Теперь, в случае с Моцартом, или даже, беря несколько шире, с Бетховеном, мы видим ту же самую историю, но в обратном преломлении. Бетховенские сонаты из ор. 2, например, наделены огромным драматическим своеобразием, но здесь же мы наблюдаем и невероятно чистое, напоминающее квартетное, письмо и голосоведение, которого вы никогда не обнаружите в поздних сонатах, за исключением, возможно, отдельных моментов, вроде первой части из op. 101 [Соната № 28, ля мажор] или второй части из ор. 109 [Соната № 30, ми мажор].
БМ: Но это потому, что, как я уверен, Бетховен, как и Моцарт, стремился осуществить свои планы, создавая драматические эффекты, которые просто-напросто несовместимы с правилами контрапункта, о которых вы говорили.
ГГ: Ну хорошо, Бруно. Допустим, вы правы. Как вы хорошо знаете, в моей концепции истории музыки есть своего рода личная «черная дыра», длящаяся сто лет и простирающаяся между «Искусством фуги» с одной стороны, и «Тристаном» — с другой. Все, что расположено между ними, в лучшем случае достойно восхищения, но не любви. (Хотя нет, думая об этом, вспоминается одно исключение: я имею в виду Мендельсона; полагаю, что кроме меня, не найдется никого, кто предпочтет «Павла» [оратория Ф. Мендельсона (1834-1836] «Торжественной мессе»).
БМ: Я лучше промолчу.
ГГ: Да, кстати, я люблю и раннего Глинку, вот так! Но если говорить серьезно — это, впрочем, не значит, что я пошутил насчет «Павла», — я нахожу труднообъяснимым, почему форма сонатного аллегро стала настолько популярной. Я полагаю, что если взглянуть на этот феномен с исторической точки зрения, то мы увидим, что в эпоху барокко появлялись и некоторые другие подобные попытки упрощения, но я задаюсь вопросом, почему именно эта, или, более точно, почему только она одна [заслужила такую популярность]?
БМ: Потому, наверное, что это не процесс упрощения, а процесс драматизации формы.
ГГ: Ну, хорошо, положим, я могу допустить, что без сонатного аллегро Томас Манн никогда бы не написал «Тонио Крегера», так же как Рихард Штраус никогда бы не создал «Тиля Уленшпигеля», не позаимствовав идею классического рондо.
БМ: Я полагаю, что вы могли бы найти в сонатности и другие достоинства?
ГГ: Конечно, смог бы. Вы вынуждаете меня отчаянно защищаться, Бруно.

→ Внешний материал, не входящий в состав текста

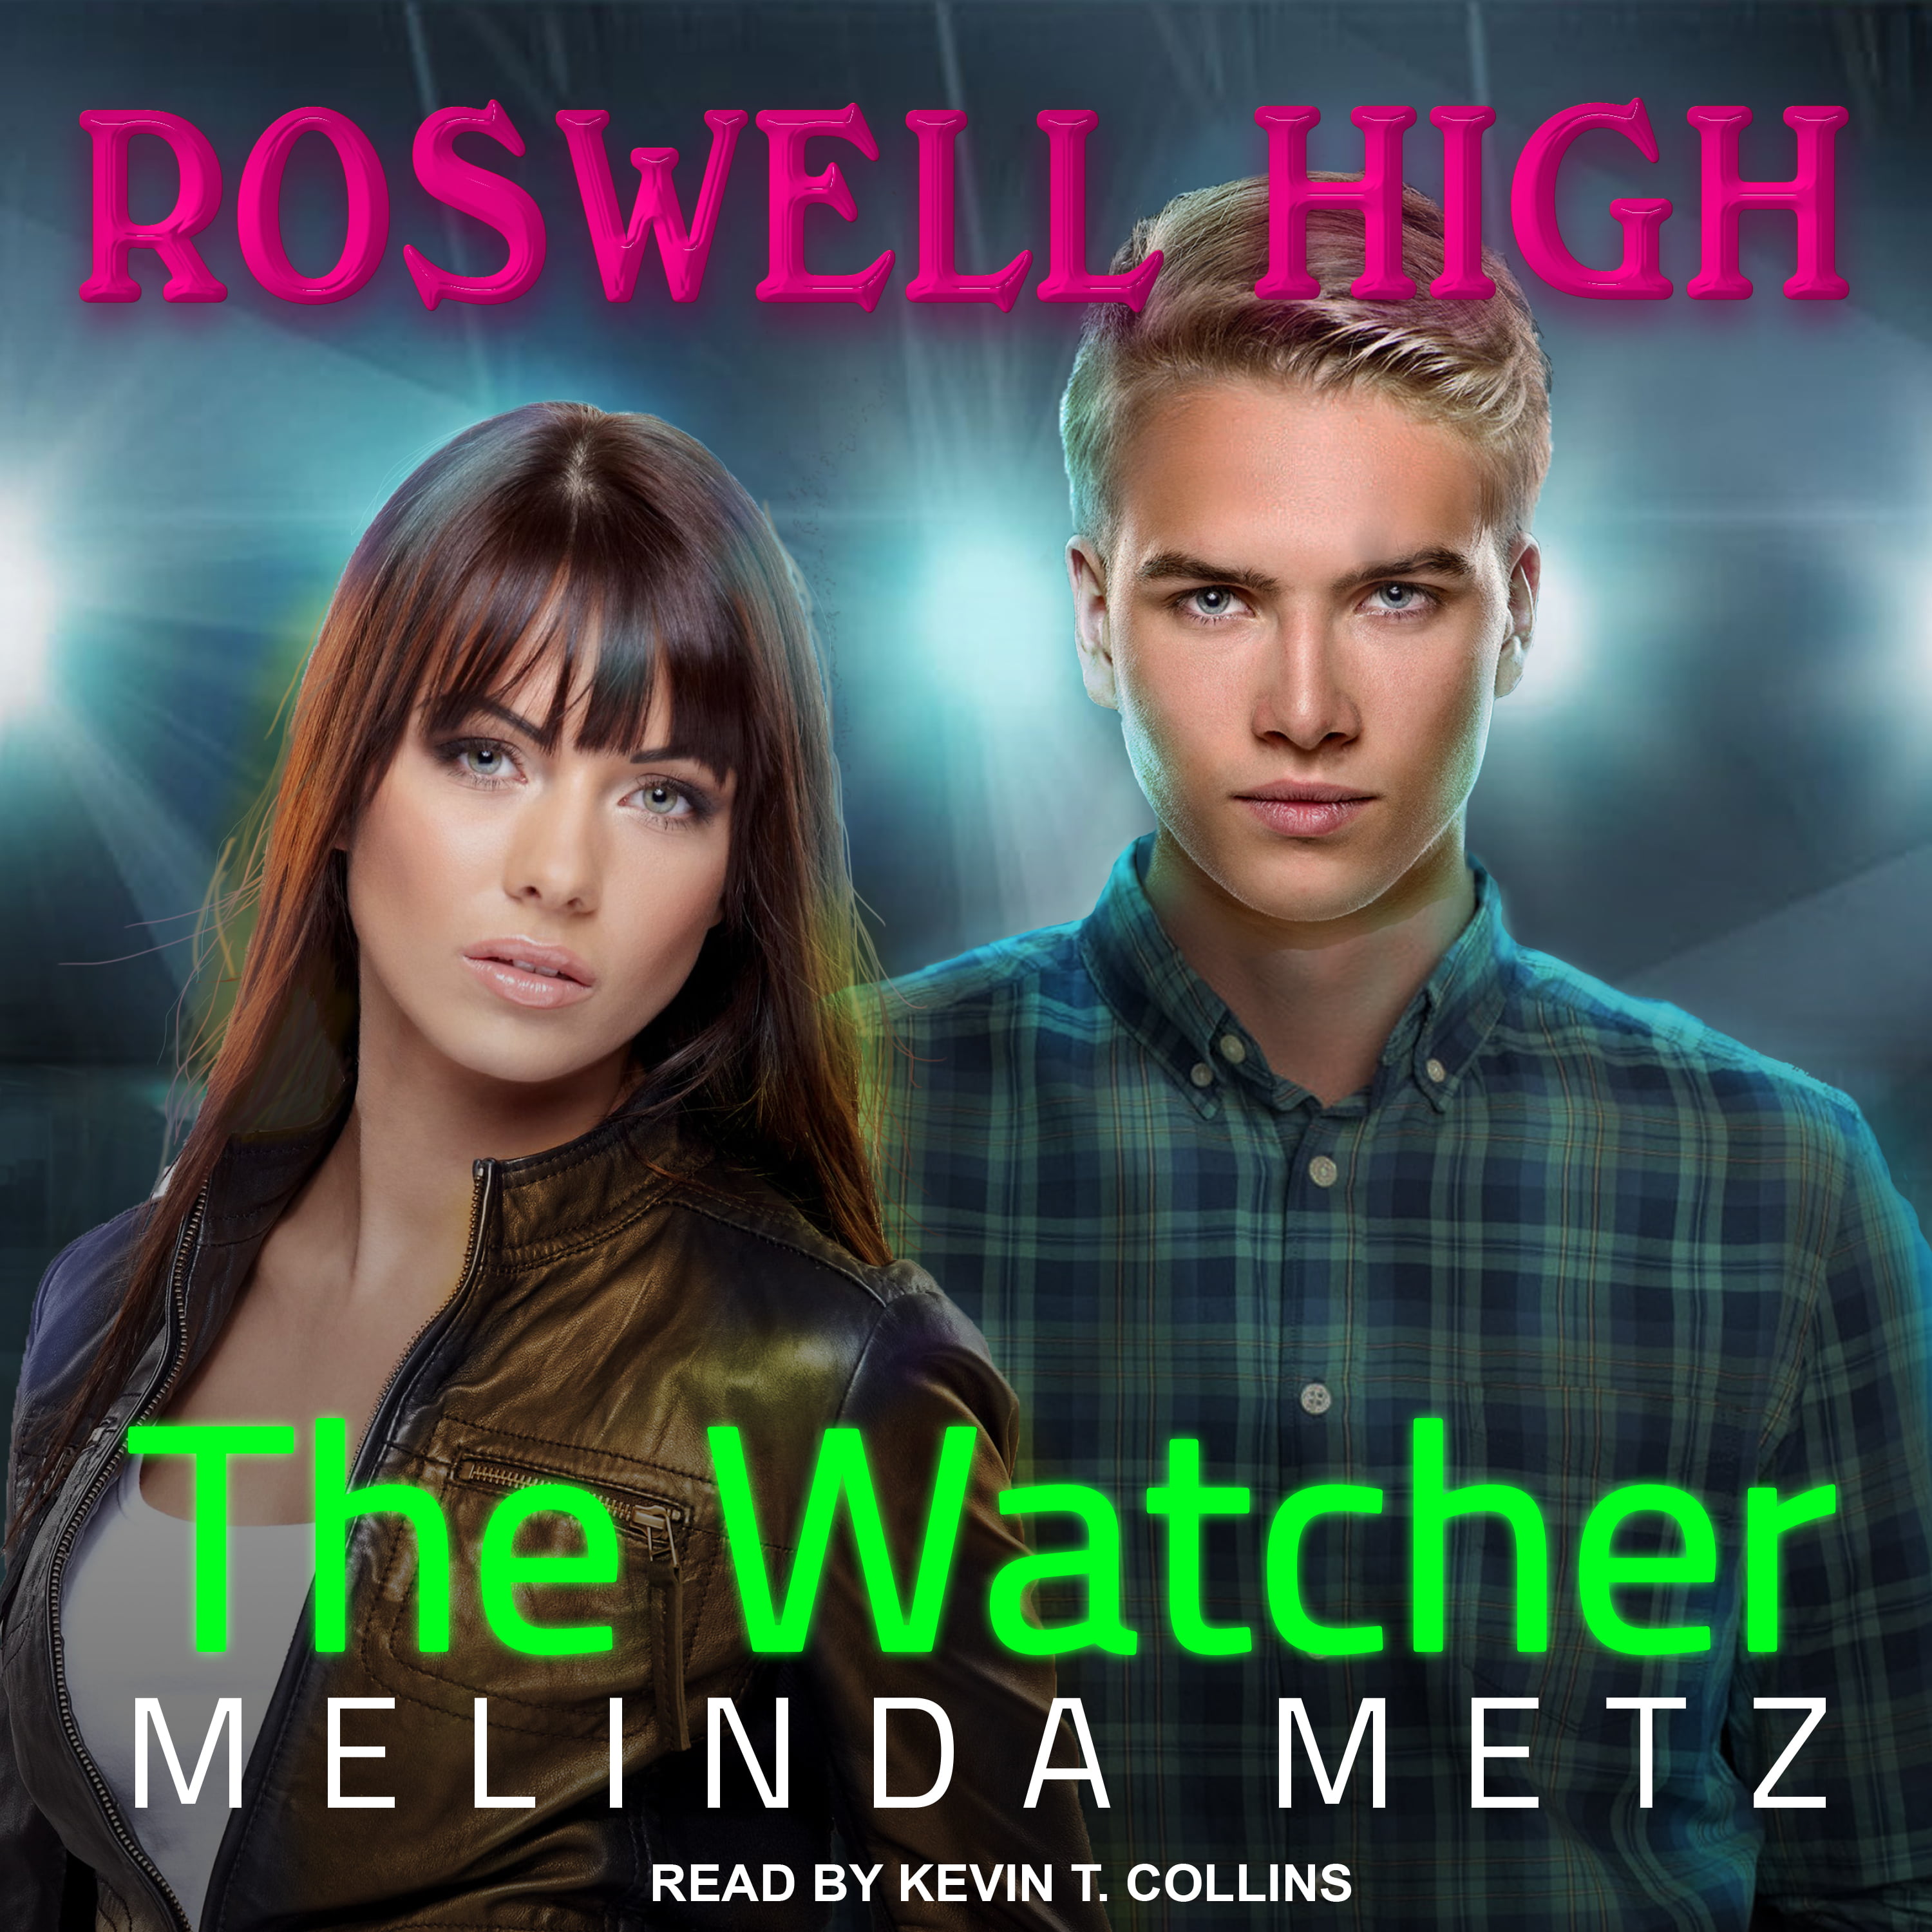 Roswell High 5 in 1 by Melinda Metz

БМ: Но то, что вы только что сказали, в шутку или нет, помогло мне понять, почему вы исполняете сонаты, и особенно их первые части, именно таким образом — почему, к примеру, вы очень редко, далее в самой малой степени, изменяете темп при переходе к побочной теме. Разумеется, если вы не находите в сонатном аллегро ничего, кроме «упрощения» барочной формы, то подобное средство драматического усиления вам не сможет понравиться. И я также могу понять в данном контексте, что, как вы не раз говорили, выбор темпа не имеет для вас большого значения. Очевидно, если вы привносите принципы барочной гармонии в ваш анализ сонатного аллегро, то не захотите отказаться от всего, что сопутствует этим принципам.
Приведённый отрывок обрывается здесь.